I was wondering, I am unable to get any kind on land line internet at my home I live outside of all the cable companys service areas and AT&T's DSL lines are maxed out and they said they will not be running any new lines probally ever in my area. So I have been thinking about getting a Verision MiFi moble broadband connect card. The max data useage is I think 5Gb a month with a fee of aroud $10 a gig if you go over that.

It will be just me and my wife using the data, she will be on facebook and use it for school and I want to play games like I use to before we moved. I am looking to play BF3 on PS3 and Halo maybe on XBL as well as trying out SWTOR and Diablo 3 on PC. So what I am wondering is will the 5Gb a month be enough to allow any kind on decent play time. I can only play for maybe 2-3 hrs a night most weeknights and all weekend when im not buisy. I want to play but dont want to get stuck with a $500 internet bill also!


----------



## linkin

Ouch, sucks to have that internet. 5Gb a moth is piss poor, find something with more gigabytes per $


----------



## bigmac9787

Thats just it I cant. The only land line phone company in my area is AT&T and all the DSL lines they have are full and have been closed so that no new lines can be used. I live outside of any cable providers service area. Internet via DishNetwork or Direct TV is both too expenceive and slow and AT&T and Verizons moble broadband caps at 5Gb, Verizon offers a 10Gb a month but its almost $100 a month which is outragous!


----------



## Dragunov IV 424

I have the same Verizon, thing, only 5 gig, and you can forget online gaming. sorry man, but you can't do decent gaming, only smaller games like bf heroes. But you still need to be careful with that.


----------



## tech savvy

Sprint's Mobile Broadband is $79.99 a month for 12GB at 4g speeds.
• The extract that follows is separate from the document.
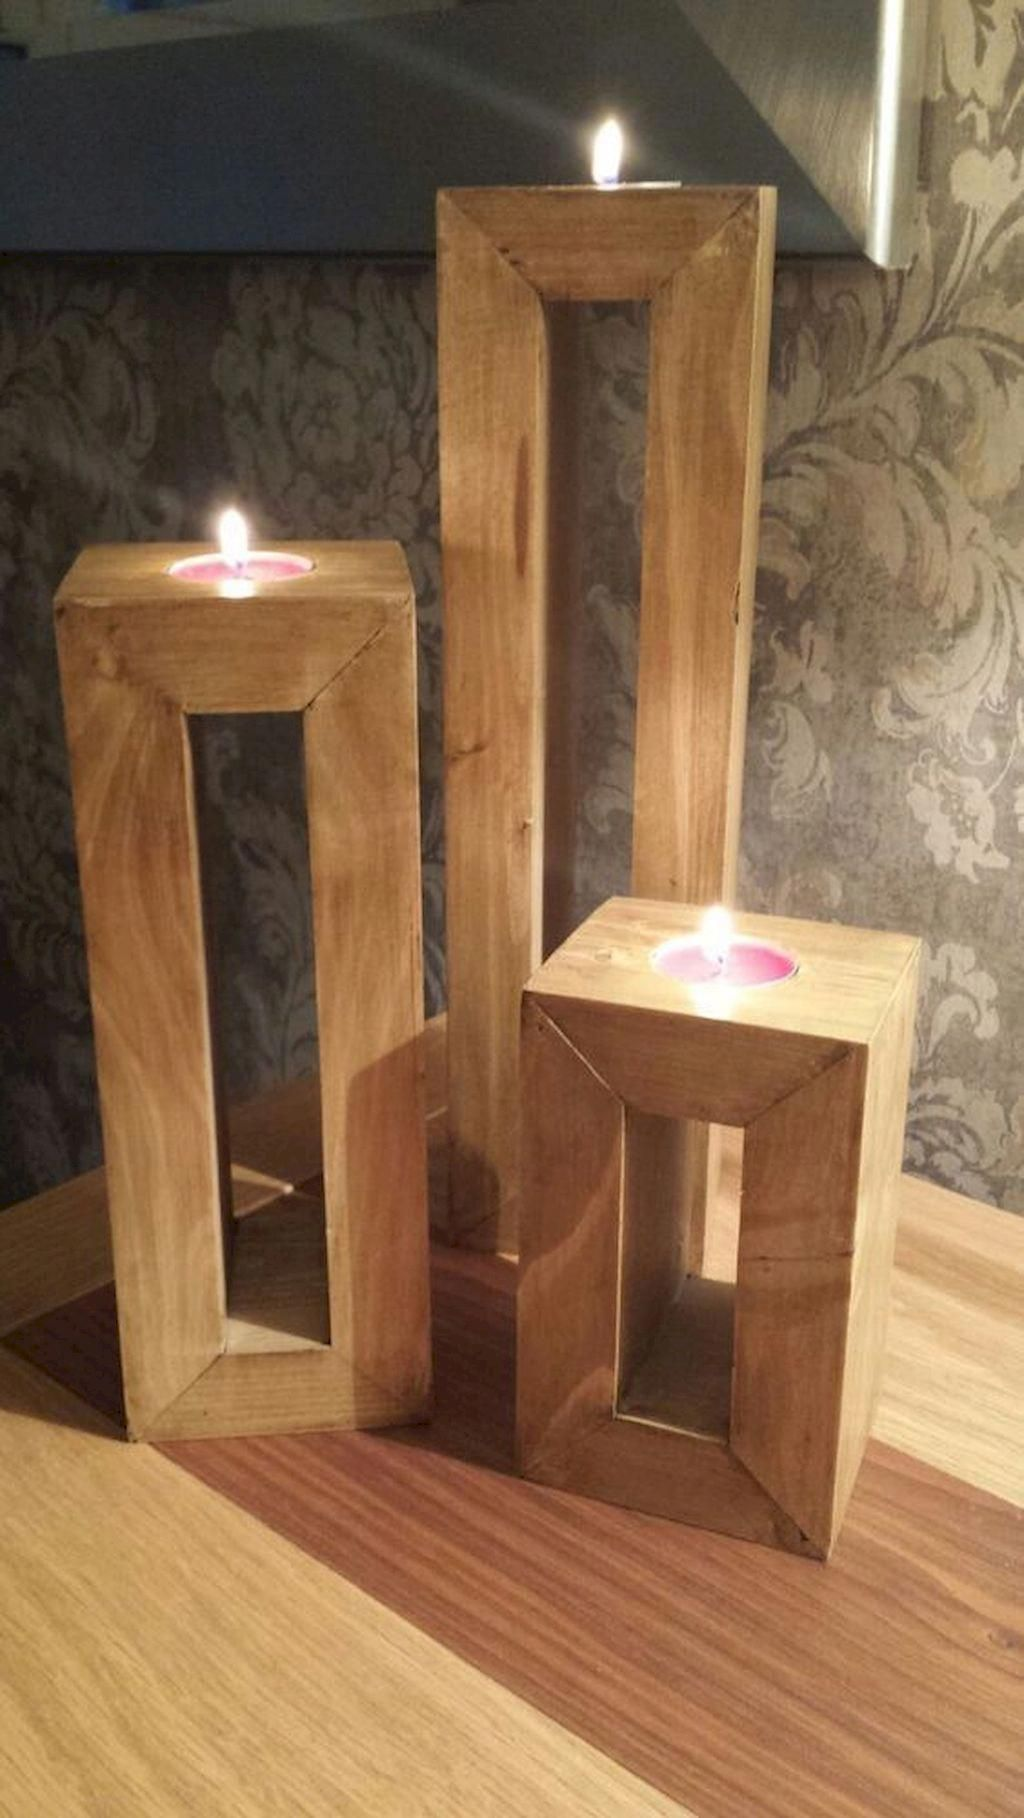 40 Easy Diy Wood Projects Ideas For Beginner Diy Wood

Also, Virgin Mobile offers unlimited usage for there Broadband2Go, which by the way usages Sprint's Nationwide 3G Network at $50 a month. 

If you walk through walmart in there electronic section you will see all the carriers/plans offered by companies, which you can look through and find whats best for you.


----------



## bigmac9787

tech savvy said:


> Sprint's Mobile Broadband is $79.99 a month for 12GB at 4g speeds. Also, Virgin Mobile offers unlimited usage for there Broadband2Go, which by the way usages Sprint's Nationwide 3G Network at $50 a month.
> 
> If you walk through walmart in there electronic section you will see all the carriers/plans offered by companies, which you can look through and find whats best for you.



Sprint and virgin as far as i know have very little service here. Just mostly att and verizon. I hate living in a small town tech wise....


----------